Слава богу, с нашим тылом все в порядке, если, конечно, не брать в расчет обуревающий обитателей катакомб страх. Который по-прежнему выказывают лишь Яшка и – в меньшей степени – Элеонора Леопольдовна. Эдик не дрожит и продолжает как ни в чем не бывало рисовать. Ольга, разумеется, не может не взглянуть на его последний рисунок. И именно поэтому как только возвращается в вестибюль, с ходу брякает:
– Надо проваливать отсюда. И чем быстрее, тем лучше.
– Куда? – почти в один голос спрашивает у нее половина всех тех, кто собрался у баррикады. Вторая половина нашей компании, включая меня, лишь молча взирает на Кленовскую недоуменными глазами.
– В метро, – уверенно заявляет «фантомка». – И выдвигаться по нему к реке, в сторону левобережных подъемников. Иного пути для нас нет. А здесь оставаться – верная смерть.
– Исключено, – мотает головой Кунжутов, пытающийся скрепить разрезанную на простреленном бедре штанину оставшимися после перевязки обрывками бинта. – Да, нас изрядно потрепали, но мы пока еще в силах дать отпор. Тем более, когда Душа Антея потеряла всю свою боевую технику. А в метро Сурок передавит нас скопом, будто слепых котят. И ты, Ольга, знаешь это не хуже всех, кто здесь собрался. Поэтому я не намерен поддерживать твой план и отдавать приказ к отступлению.

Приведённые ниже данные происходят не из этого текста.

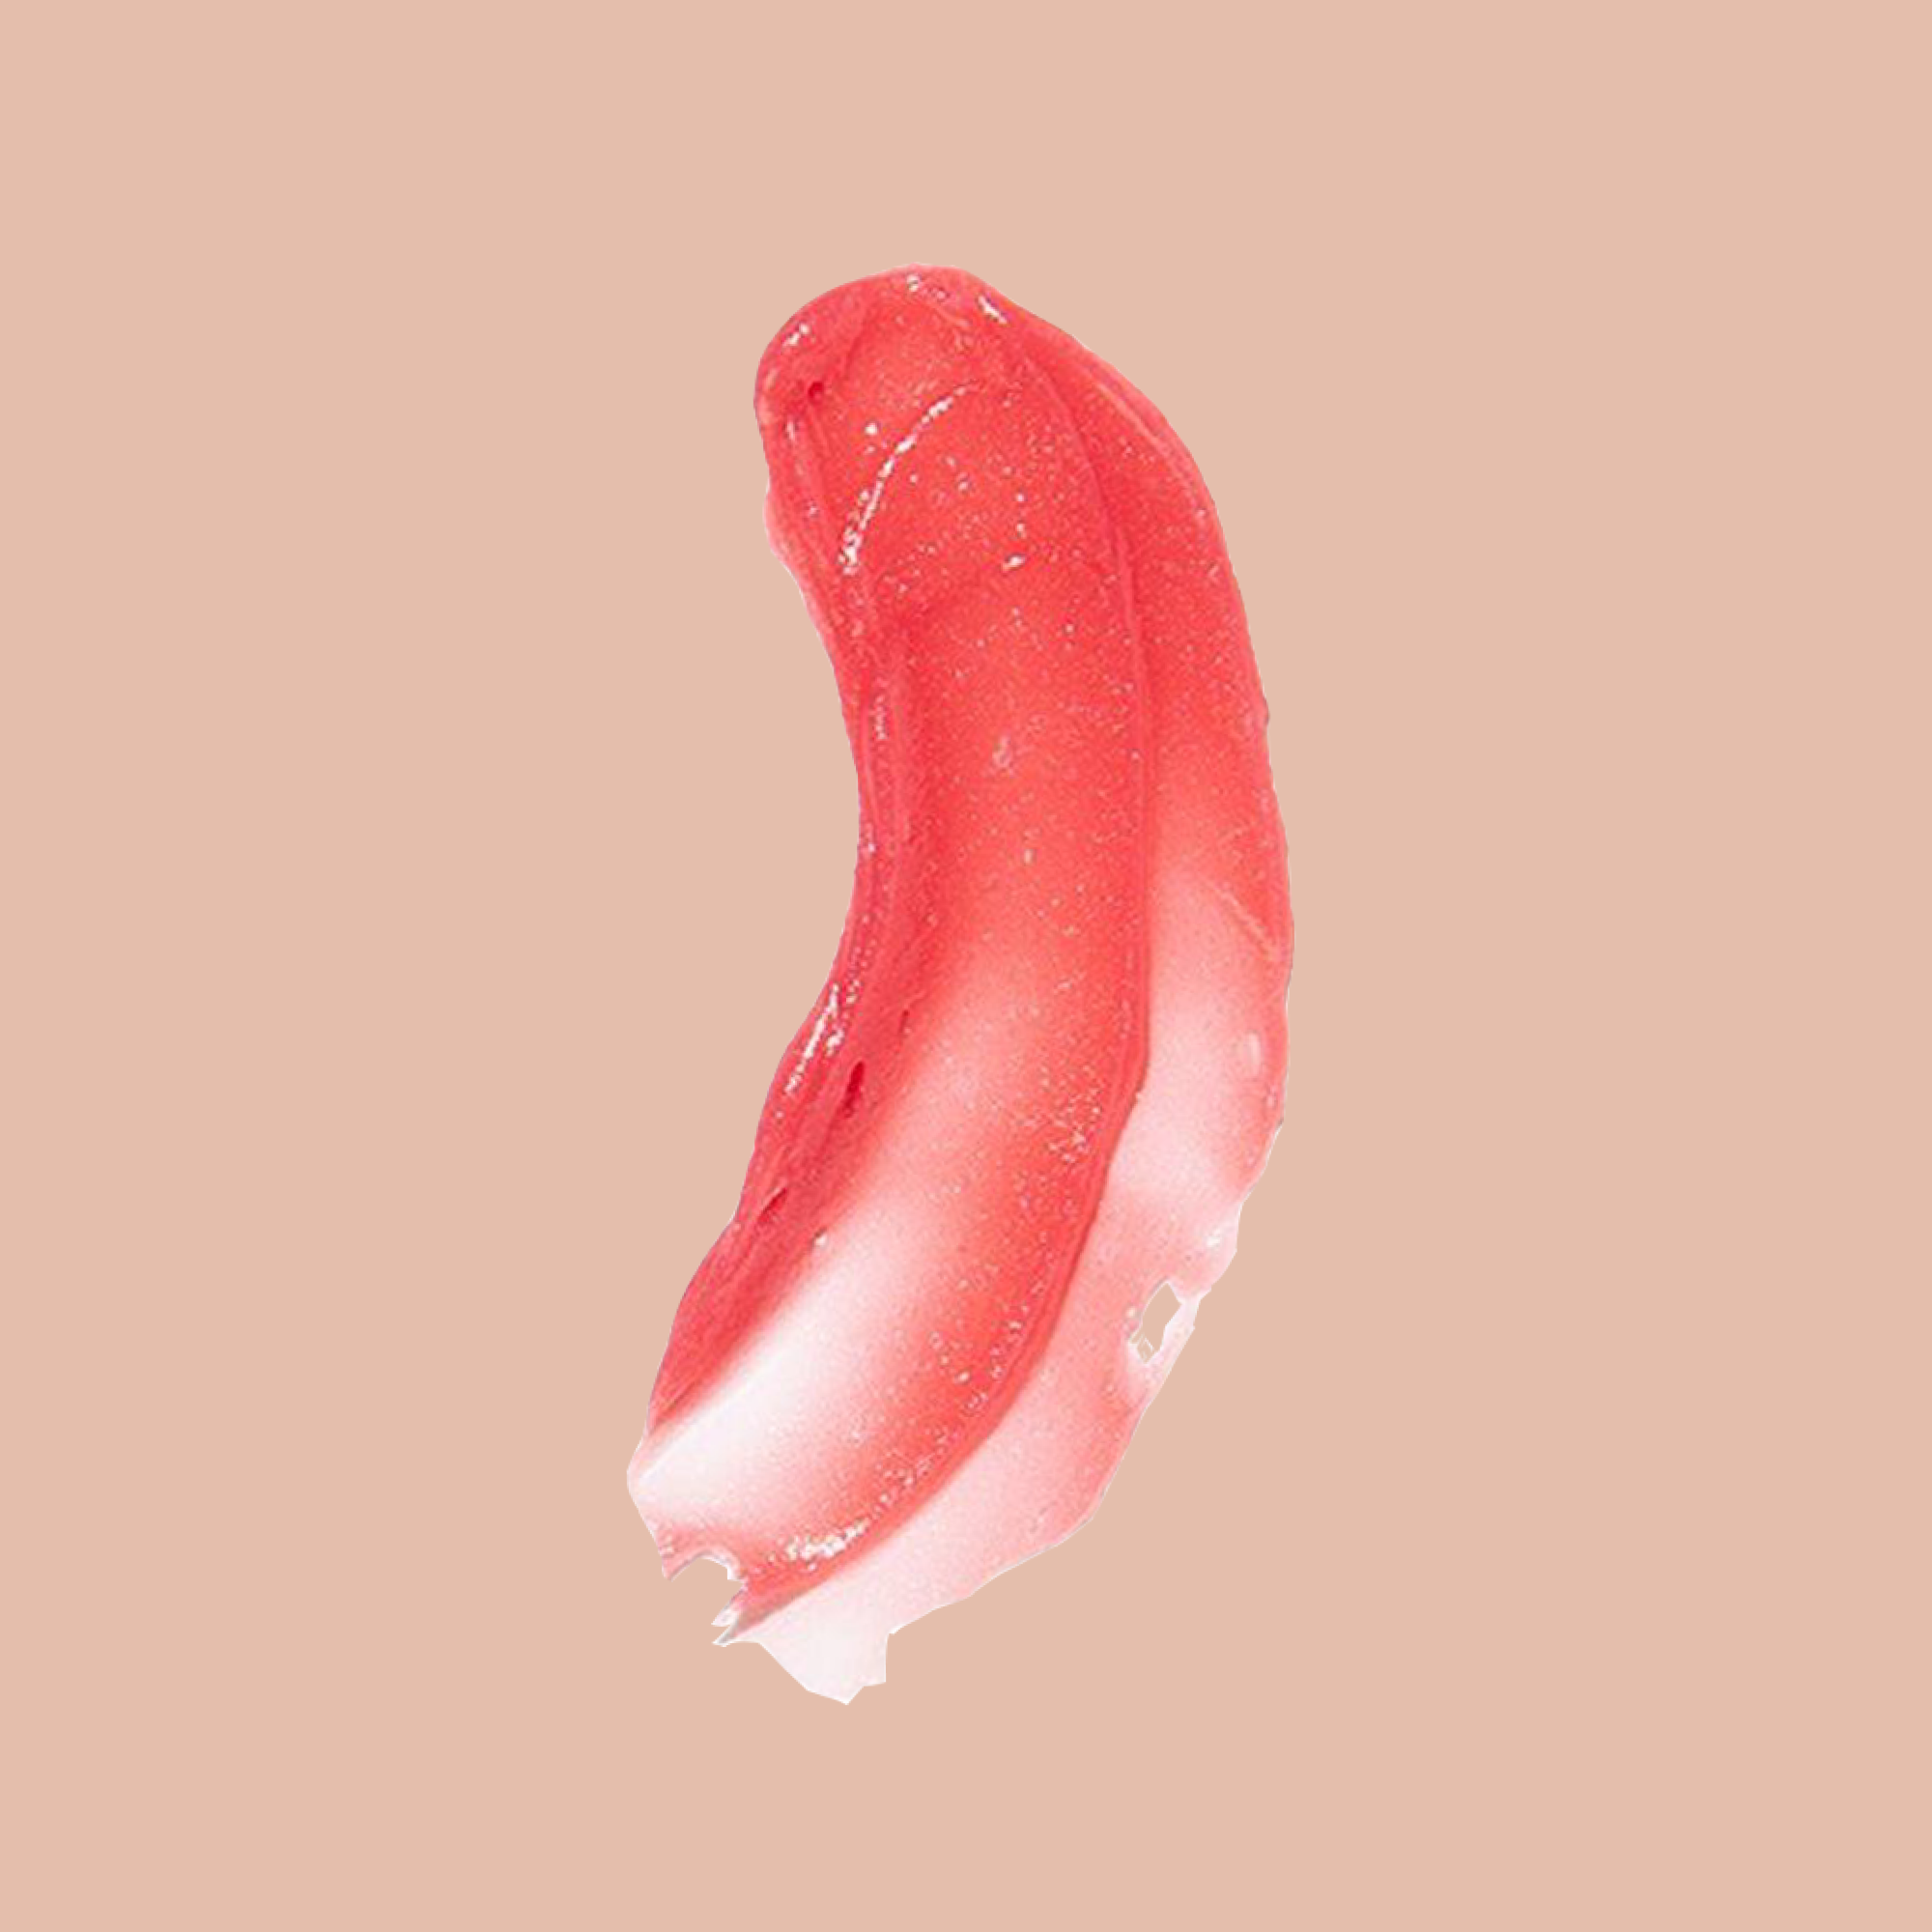 TRICK & TREAT LIP BALM - Watermelon Balm with Natural Tint

– На последнем рисунке Эдика нарисован вход в метро, – поясняет Кленовская причину своего беспокойства. – Не арка, не склеп, а именно вход на станцию «Площадь Ленина». Я узнала его сразу, как только малыш дал мне взглянуть на свою законченную картинку.

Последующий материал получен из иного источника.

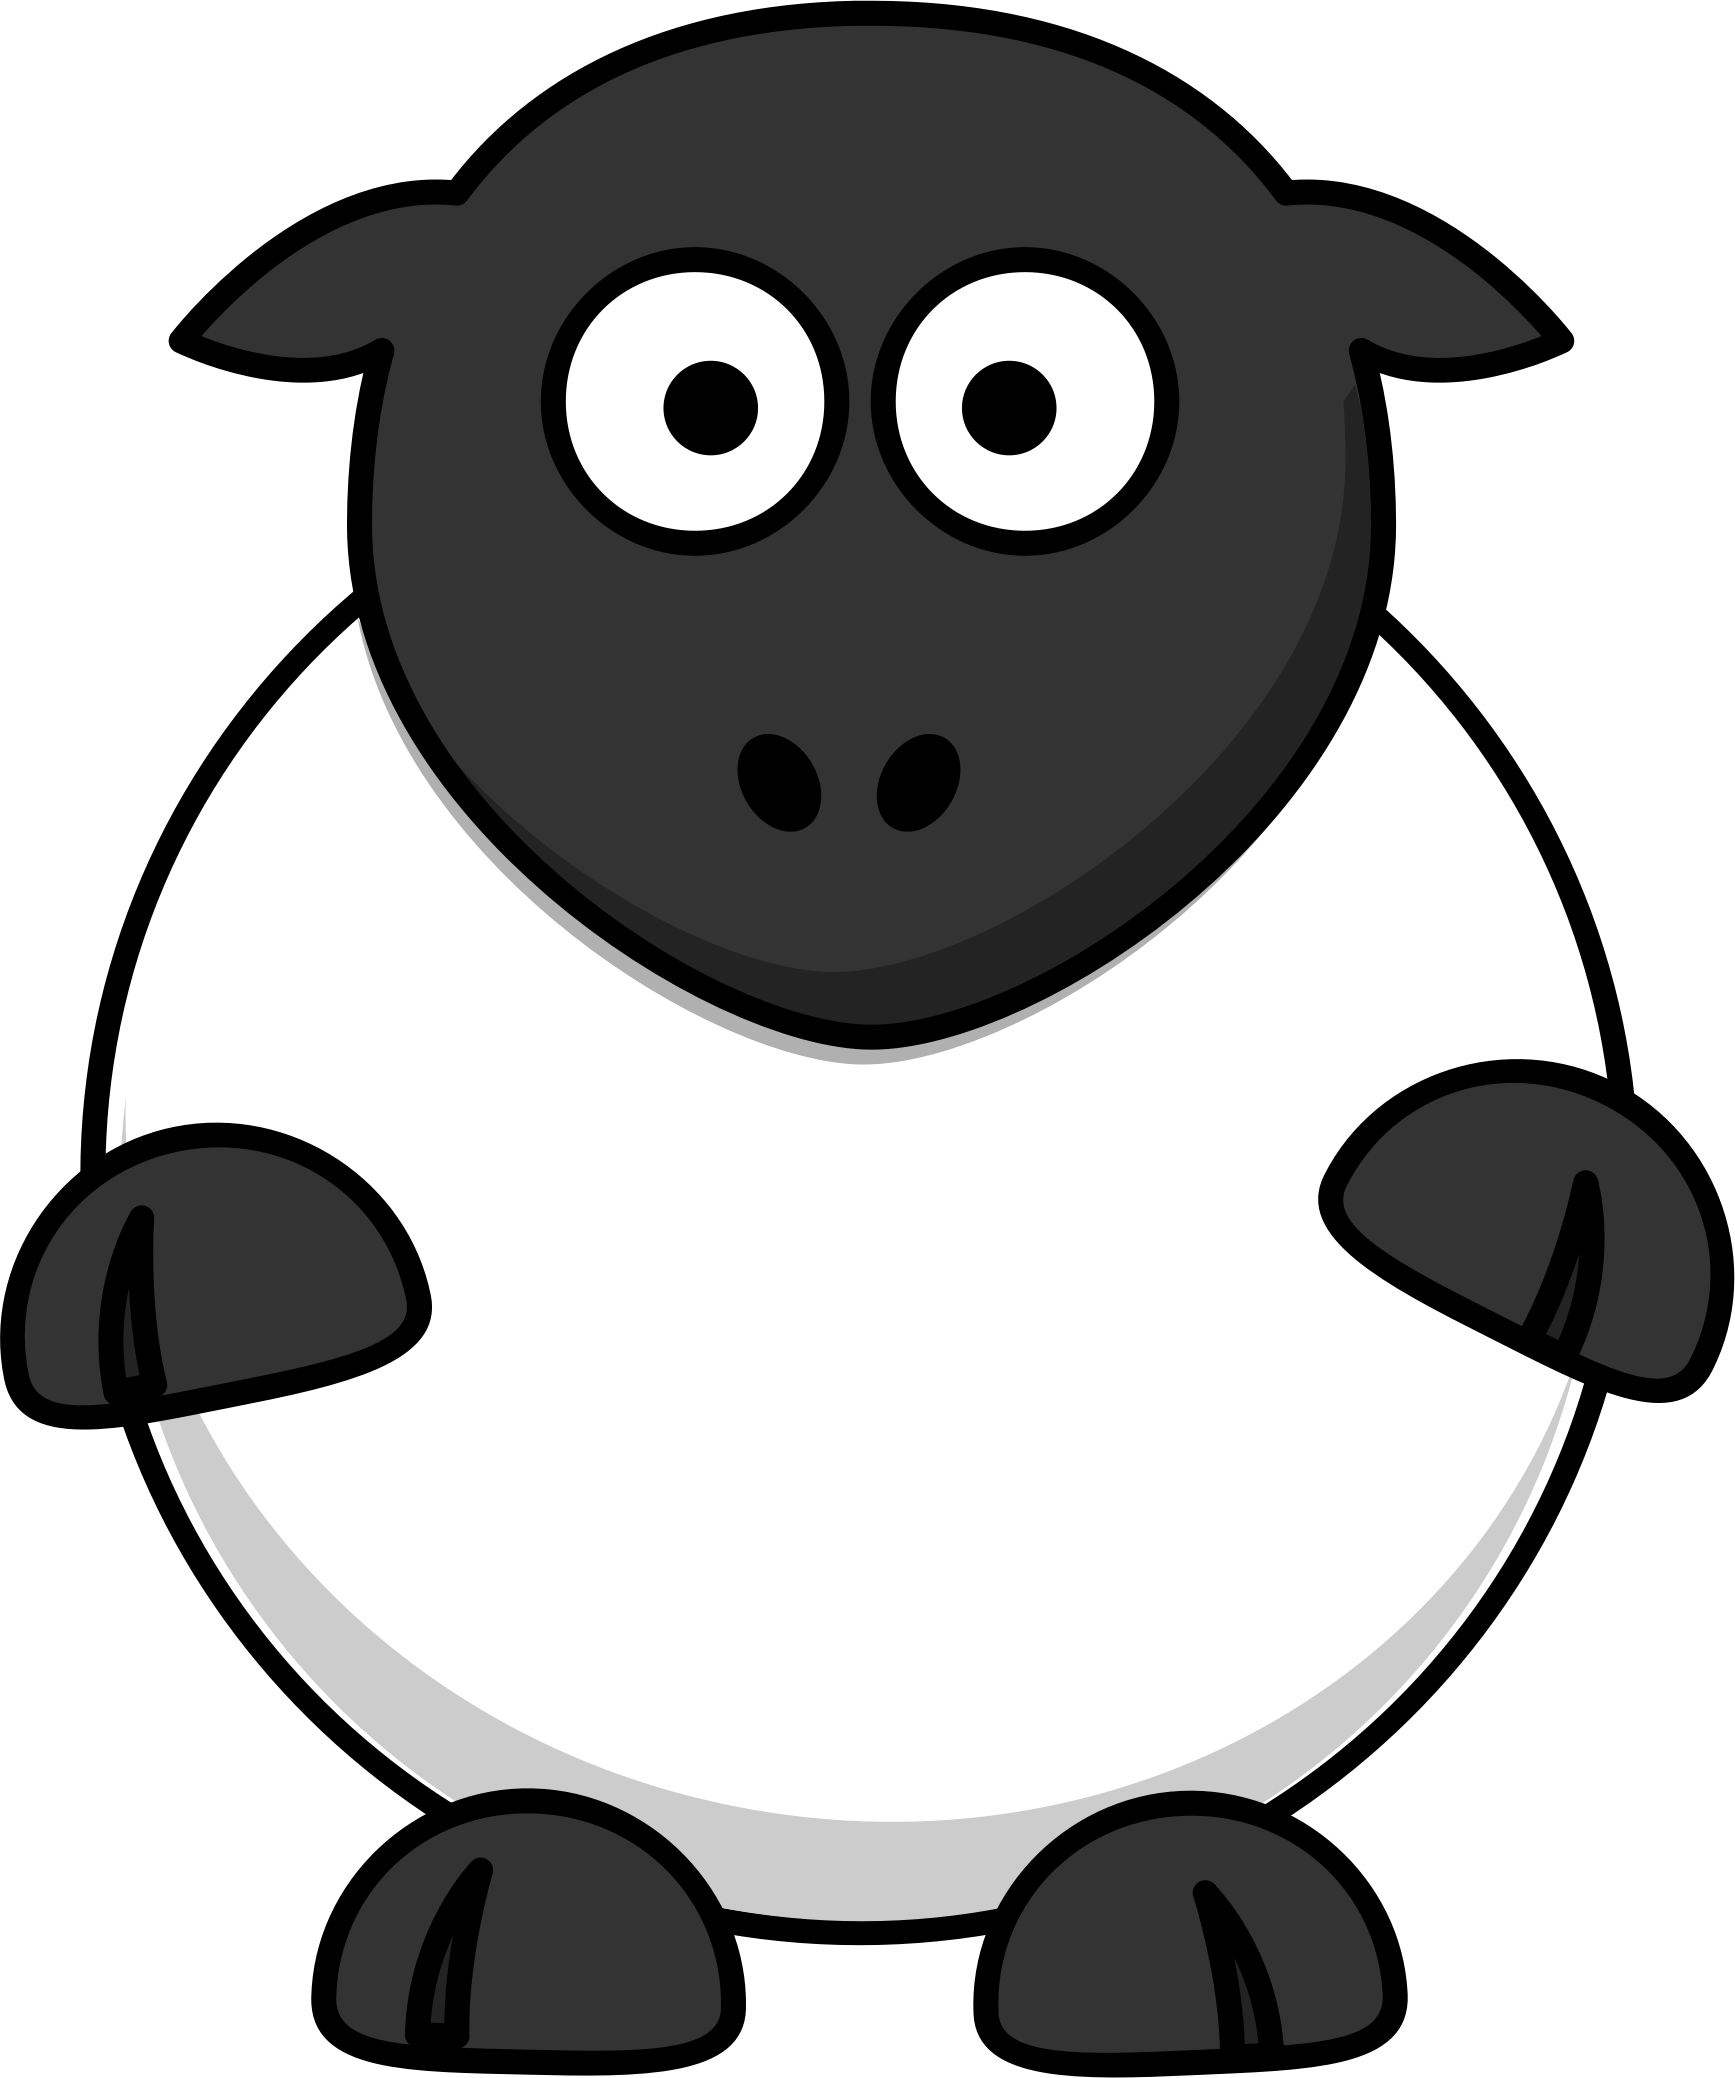 Silly Sheep - Cartoon Sheep (1735x2078)

– А почему ты решила, что Эдик показал нам путь к спасению, а не место, откуда нужно ожидать следующего нападения? – интересуется Хакимов, впрыскивая себе в обожженную руку инъекцию обезболивающего.

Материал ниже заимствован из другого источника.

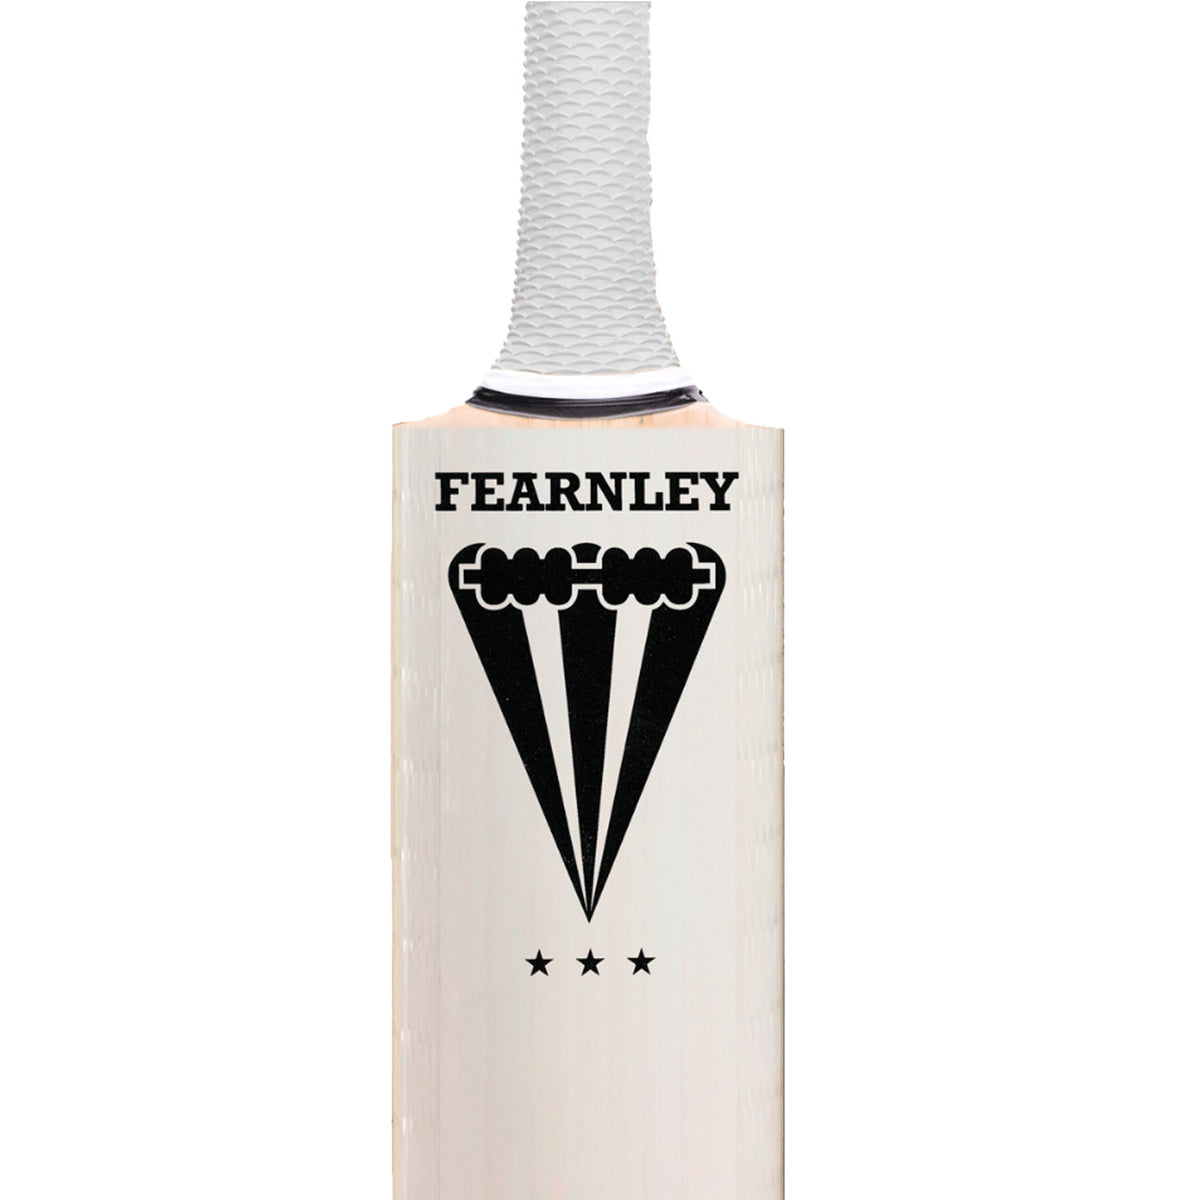 Duncan Fearnley Junior 3 Star Cricket Bat - White

– Эдик всегда предупреждает нас о чем-то действительно важном, – отвечает Ольга. – За последние дни он предсказал обрыв подъемника на Первомайке, появление капитана Рокотова, сход молчунов к Бивню и атаку на театр. Сами посудите, какая для нас разница, откуда появится следующая опасность: с окраин, с неба или из-под земли? А вот куда нам бежать в случае, если мы не сумеем отбиться – это актуальный вопрос, верно? И что нам вообще известно о Сурке, кроме того, что он носится по рельсам и грохочет?
– По-моему, этого вполне достаточно, чтобы и думать забыть соваться под землю, – отрезает полковник. – Ежели нам и впрямь доведется уносить ноги, то побежим исключительно поверху. Или поковыляем – уж как получится. Повторяю: никакого метро. Пожелай я всех вас угробить, сделал бы это более простым и гуманным способом.
– А ты что скажешь, Тихон? – В поисках поддержки Ольга смотрит на меня.
Под ее вопрошающим суровым взором я слегка тушуюсь. Но отвечаю:
– Я здесь человек новый, но уже не раз успел убедиться, что предсказаниям Эдика можно доверять. Ты внимательно изучила рисунок? Может, помимо входа на станцию, там есть еще какие-нибудь детали, которые ты не сочла важными и о которых решила умолчать?